Kim Su-Jin, Nian Cuilan, Doudet Doris J, McIntosh Christopher H S
Department of Cellular and Physiological Sciences and the Diabetes Research Group, Life Sciences Institute, University of British Columbia, Vancouver, British Columbia, Canada.
Diabetes. 2009 Mar;58(3):641-51. doi: 10.2337/db08-1101. Epub 2008 Dec 10.
The endopeptidase dipeptidyl peptidase-IV (DPP-IV) has been shown to NH2-terminally truncate incretin hormones, glucose-dependent insulinotropic polypeptide, and glucagon-like peptide-1, thus ablating their ability to potentiate glucose-stimulated insulin secretion. Increasing the circulating levels of incretins through administration of DPP-IV inhibitors has therefore been introduced as a therapeutic approach for the treatment of type 2 diabetes. DPP-IV inhibitor treatment has also been shown to preserve islet mass in rodent models of type 1 diabetes. The current study was initiated to define the effects of the DPP-IV inhibitor sitagliptin (MK0431) on transplanted islet survival in nonobese diabetic (NOD) mice, an autoimmune type 1 diabetes model.

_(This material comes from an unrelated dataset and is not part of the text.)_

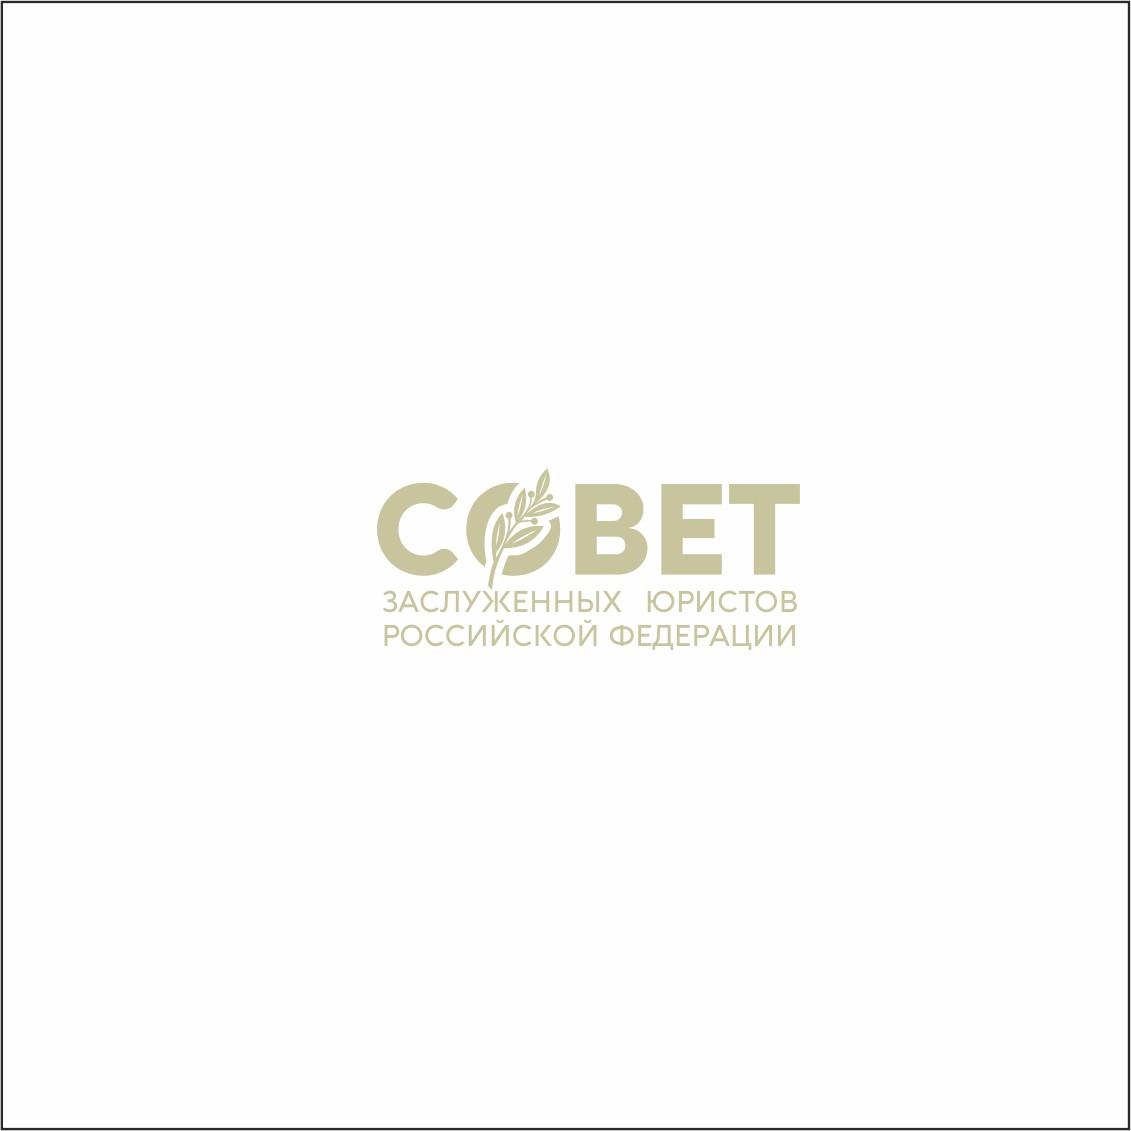 Разработка логотипа Совета (Клуба) заслуженных юристов Российской Федерации фото f_2865e3d747fc3586.jpg

Effects of MK0431 on islet graft survival in diabetic NOD mice were determined with metabolic studies and micropositron emission tomography imaging, and its underlying molecular mechanisms were assessed.
Treatment of NOD mice with MK0431 before and after islet transplantation resulted in prolongation of islet graft survival, whereas treatment after transplantation alone resulted in small beneficial effects compared with nontreated controls. Subsequent studies demonstrated that MK0431 pretreatment resulted in decreased insulitis in diabetic NOD mice and reduced in vitro migration of isolated splenic CD4+ T-cells. Furthermore, in vitro treatment of splenic CD4+ T-cells with DPP-IV resulted in increased migration and activation of protein kinase A (PKA) and Rac1.
Treatment with MK0431 therefore reduced the effect of autoimmunity on graft survival partially by decreasing the homing of CD4+ T-cells into pancreatic beta-cells through a pathway involving cAMP/PKA/Rac1 activation.
已证实内肽酶二肽基肽酶-IV(DPP-IV)可从氨基端截短肠促胰岛素激素、葡萄糖依赖性促胰岛素多肽及胰高血糖素样肽-1,从而消除它们增强葡萄糖刺激的胰岛素分泌的能力。因此,通过给予DPP-IV抑制剂来提高循环中的肠促胰岛素水平已被作为治疗2型糖尿病的一种方法。在1型糖尿病的啮齿动物模型中,DPP-IV抑制剂治疗也已显示可维持胰岛质量。开展本研究以确定DPP-IV抑制剂西他列汀(MK0431)对非肥胖糖尿病(NOD)小鼠(一种自身免疫性1型糖尿病模型)移植胰岛存活的影响。
通过代谢研究和微量正电子发射断层扫描成像确定MK0431对糖尿病NOD小鼠胰岛移植存活的影响,并评估其潜在分子机制。
在胰岛移植前后用MK0431治疗NOD小鼠可延长胰岛移植存活时间,而仅在移植后治疗与未治疗的对照组相比仅有小的有益作用。随后的研究表明,MK0431预处理可减少糖尿病NOD小鼠的胰岛炎,并减少分离的脾CD4+T细胞的体外迁移。此外,用DPP-IV体外处理脾CD4+T细胞可导致迁移增加以及蛋白激酶A(PKA)和Rac1激活。
因此,MK0431治疗部分通过涉及环磷酸腺苷/蛋白激酶A/Rac1激活的途径减少CD4+T细胞向胰腺β细胞的归巢,从而降低自身免疫对移植存活的影响。